→ Given information
╔══
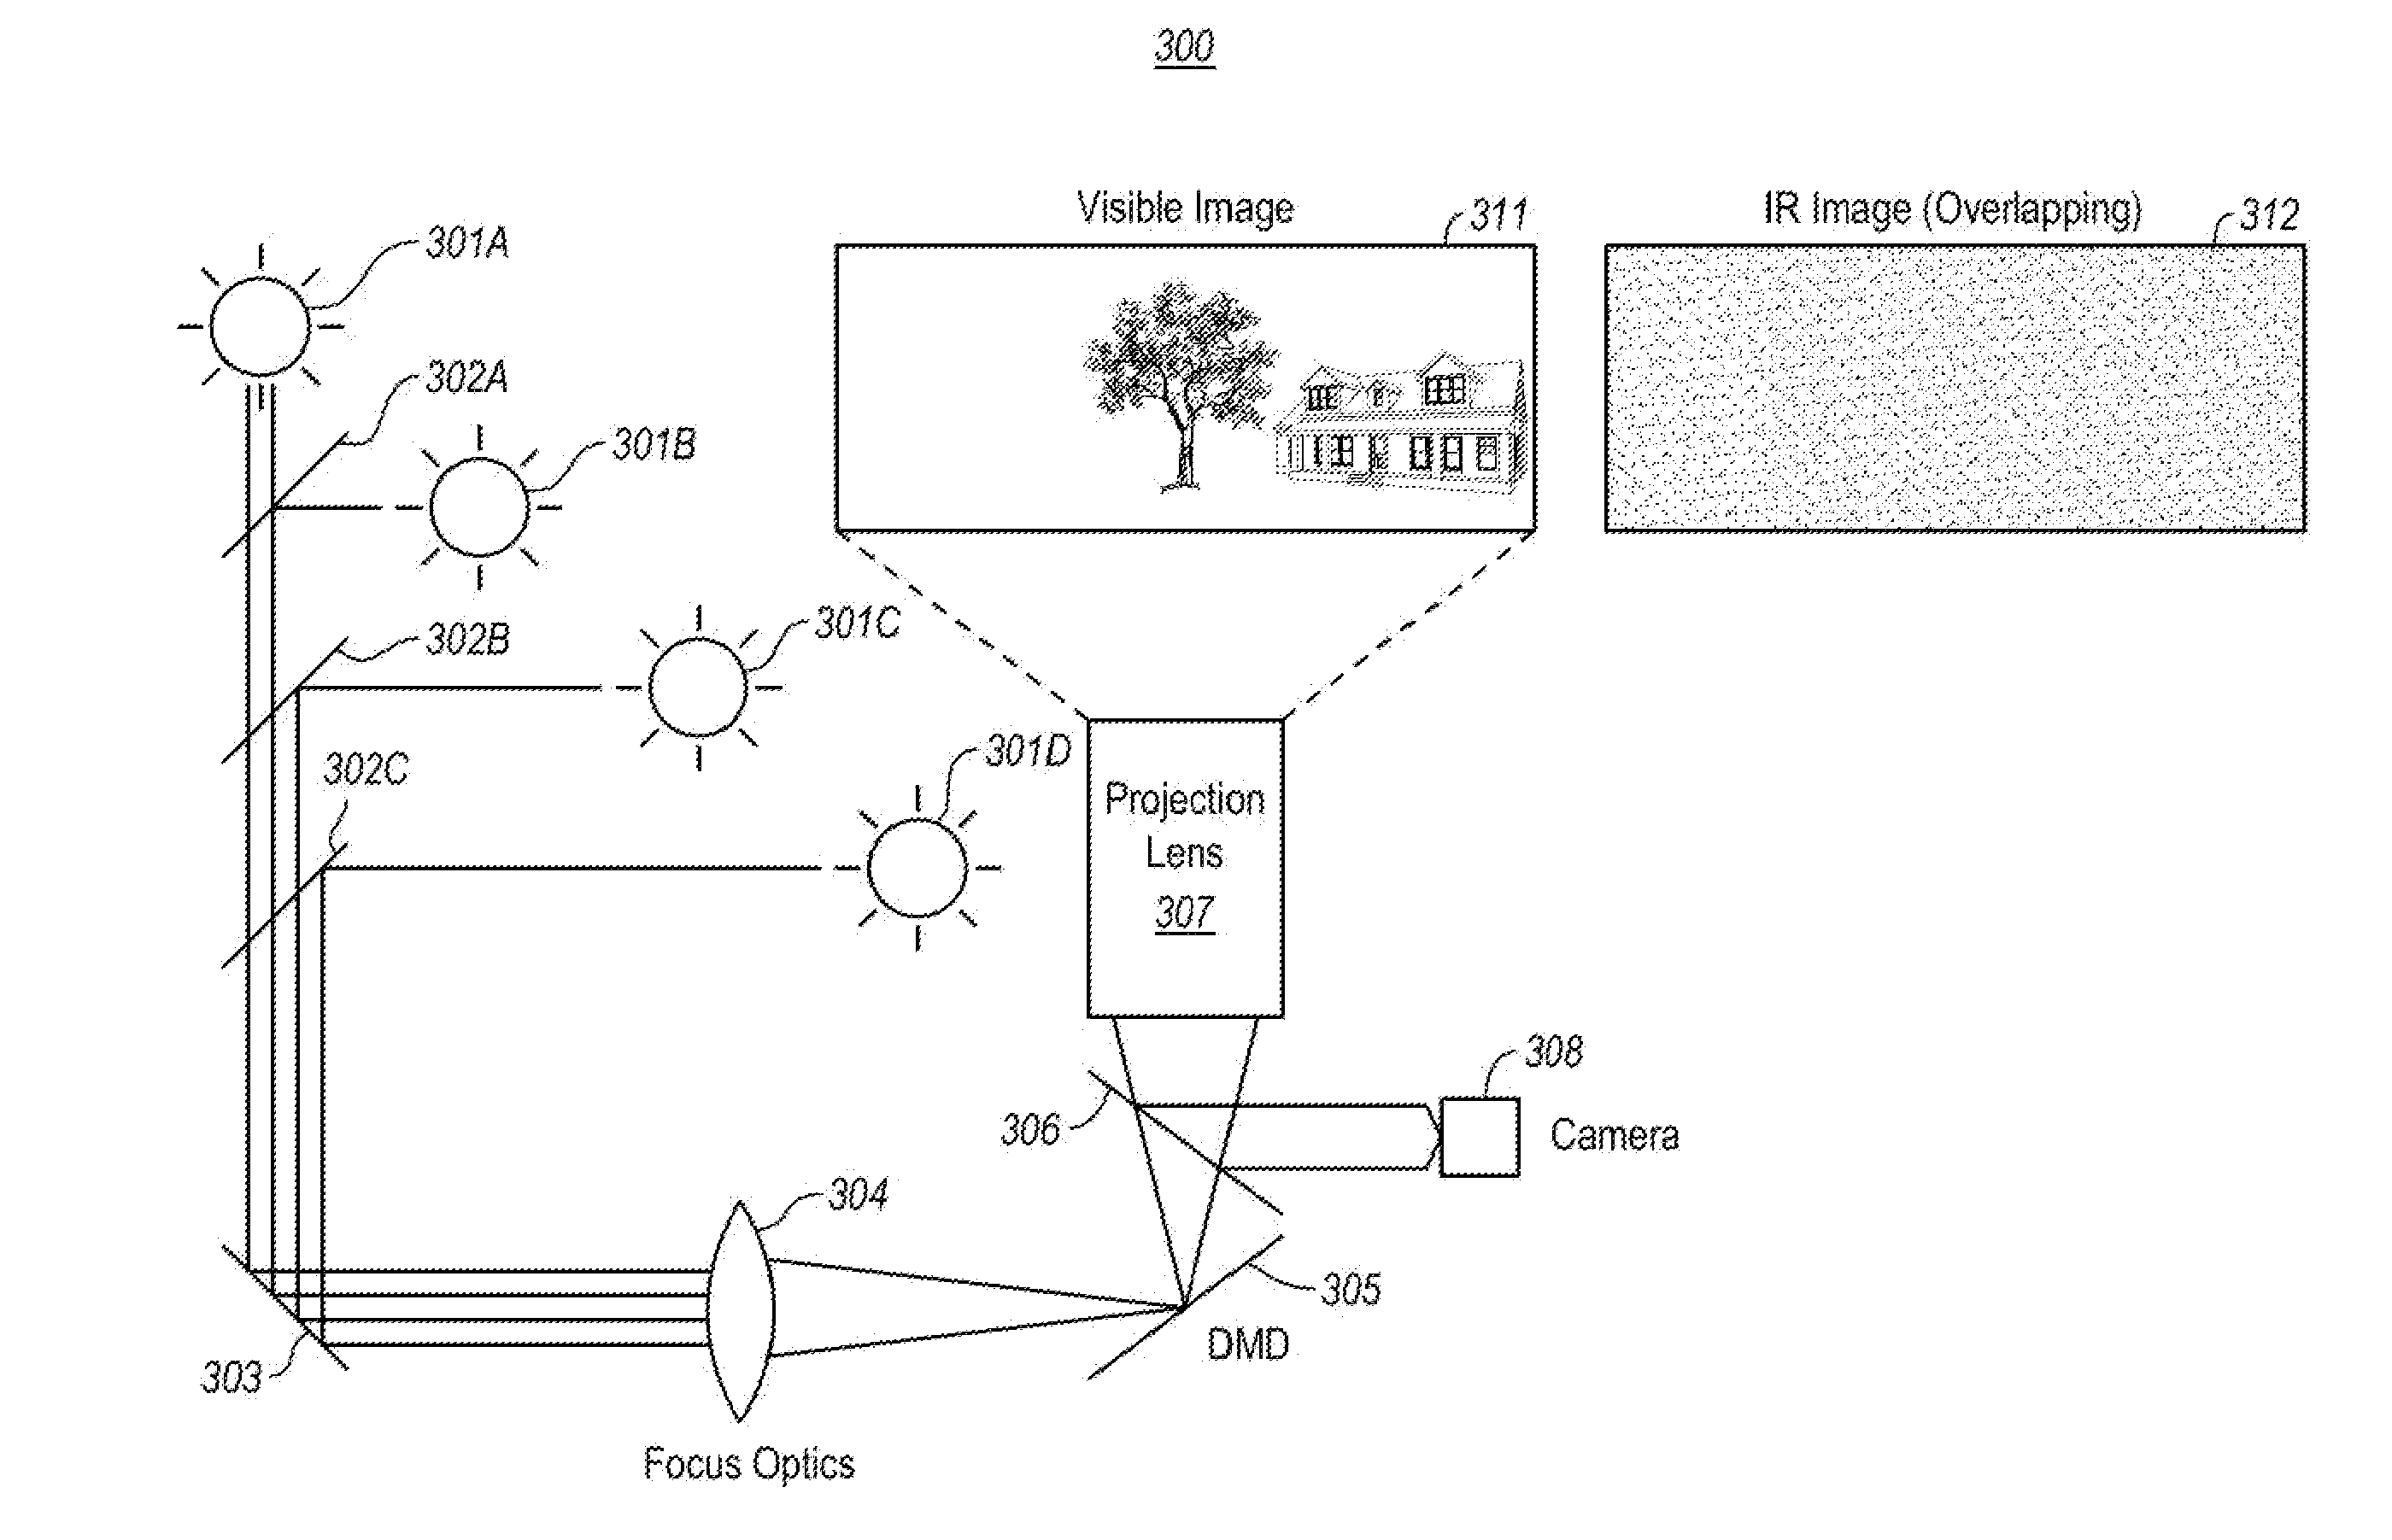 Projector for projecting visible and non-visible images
╚══
╔══
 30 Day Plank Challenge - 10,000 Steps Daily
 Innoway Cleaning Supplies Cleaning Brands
╚══
→ Requirement
Output should match, line for line, the stretch of the material above from the line holding "30 Day Plank Challenge - 10,000 Steps Daily" through the line holding "Innoway Cleaning Supplies Cleaning Brands".

→ Completed exercise
 30 Day Plank Challenge - 10,000 Steps Daily
 Innoway Cleaning Supplies Cleaning Brands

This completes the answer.